The New Zealand dollar’s worst drop since the global financial crisis may have bottomed out for now after tumbling dairy prices helped drive a 16 percent depreciation this year, according to CMC Markets.
The six-year low at 64.99 U.S. cents touched on July 16 looks to be the head of an inverse head-and-shoulders pattern, opening up the chances for a rebound to around 69.50 cents, said Ric Spooner, chief analyst at CMC Markets in Sydney. The 65-cent level has additional strength as a support because it completes a leg lower that’s symmetrical with the decline from April’s high to the June 5 low, he said.

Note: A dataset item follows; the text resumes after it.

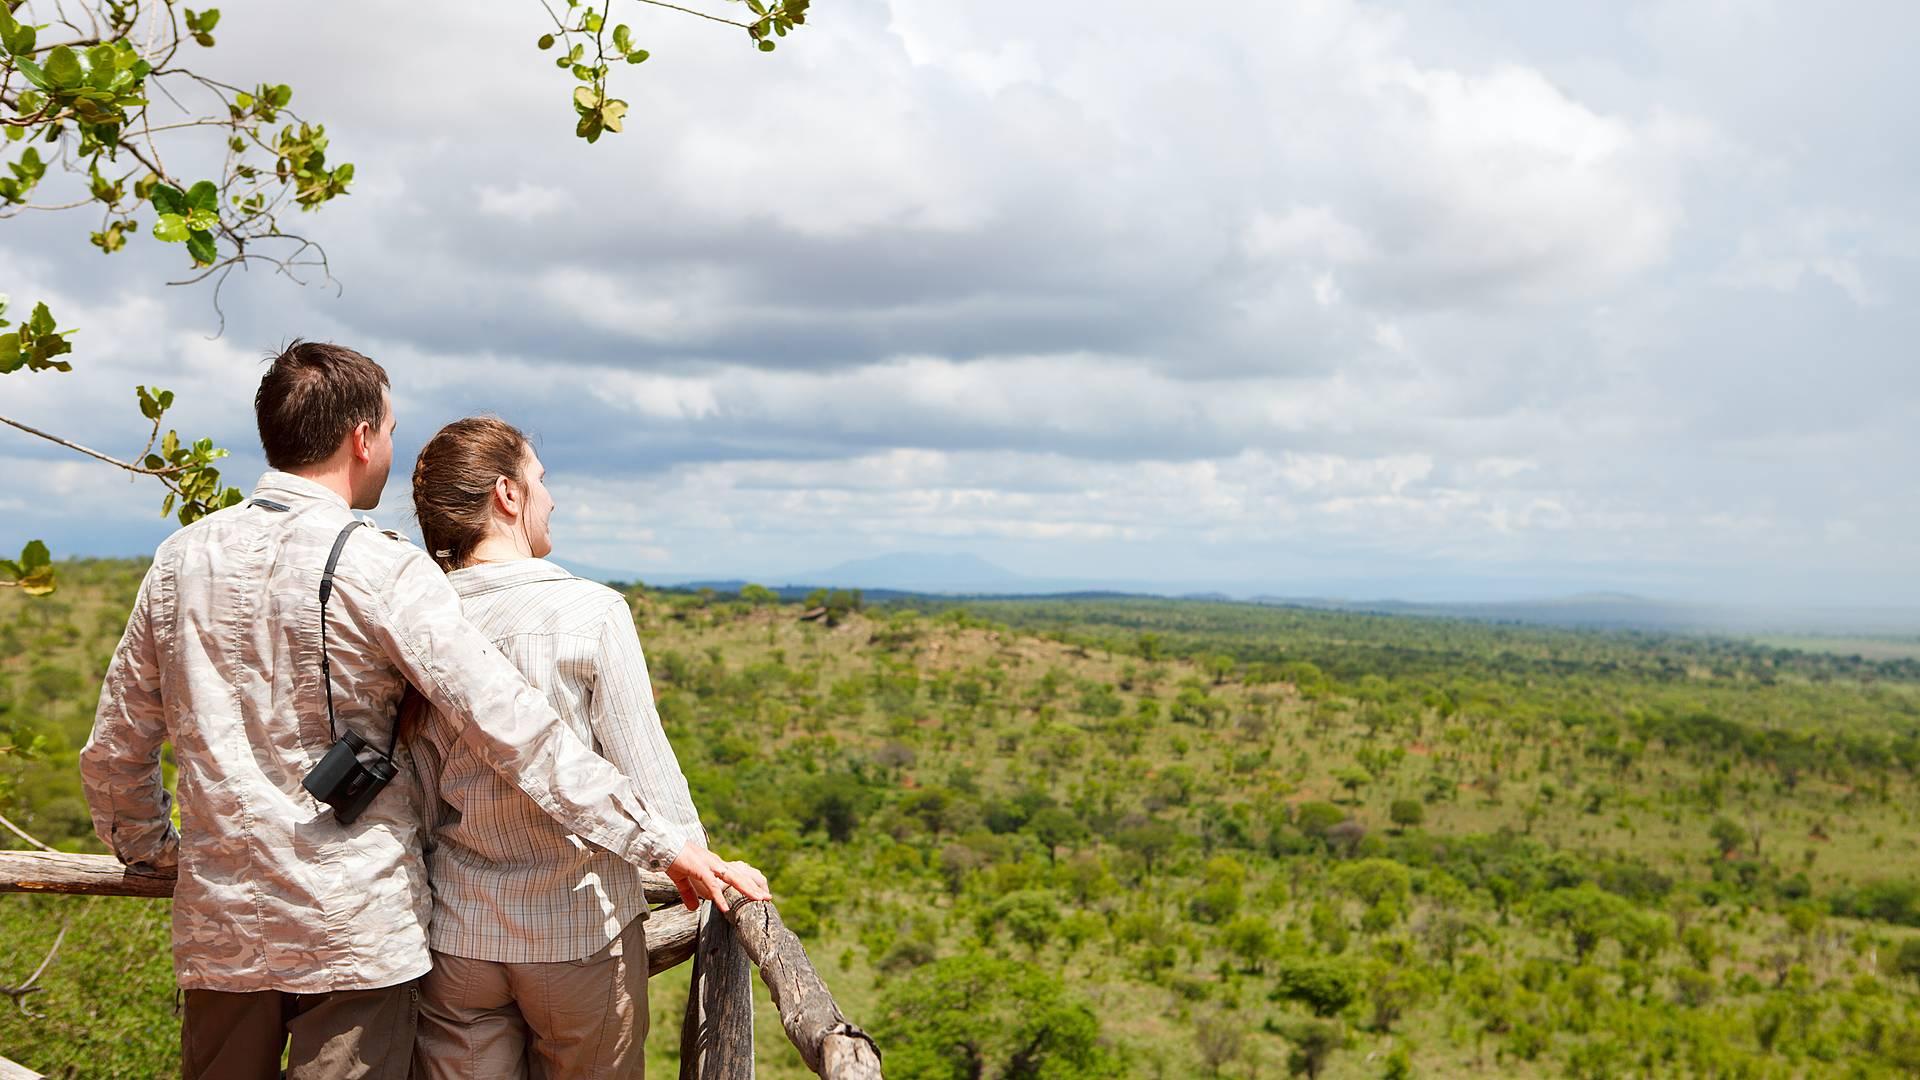 Romantik-Safari im Schatten der Baobabs

“It’s been playing perfectly out of the chartist’s textbook in recent weeks, and often when markets get into that situation, they continue to behave in a very well-ordered fashion,” Spooner said. “The chart outlook suggests that kiwi is primed for a significant rally if it gets any bullish news -- or even if more bearish news fails to materialize.”
The kiwi dollar bought 65.63 cents as of 10:22 a.m. Tuesday in Tokyo, down 16 percent from 77.97 cents on Dec. 31, the biggest decline among developed-market currencies.
If the currency gathers enough momentum to push above the June 5 low of 70.25 cents, there’s the potential for an unwind of the entire drop from 77.44 cents since April, he said.
New Zealand’s kiwi dollar plunged as much as 26 percent since it reached a three-year high of 88.36 cents in July of last year, the steepest drop since a 40 percent tumble in the 12 months to March 2009.
The nation’s Reserve Bank cut its benchmark interest rate in June and July and signaled more cuts are likely as tumbling dairy prices slow the economy. Governor Graeme Wheeler said last month “a more substantial” weakening in the currency is necessary.
GlobalDairyTrade holds an auction Tuesday, as the average price across products has slid 38 percent from this year’s peak in March. New Zealand supplies about two-thirds of all whole milk powder exported internationally.
CMC’s Spooner says Wheeler is likely to get the currency declines he is seeking in the longer term, with the expected technical rally vulnerable to a reversal because of the economy’s fundamental weakness.
“If this does turn out to be a bottom, I’d see it as temporary,” he said.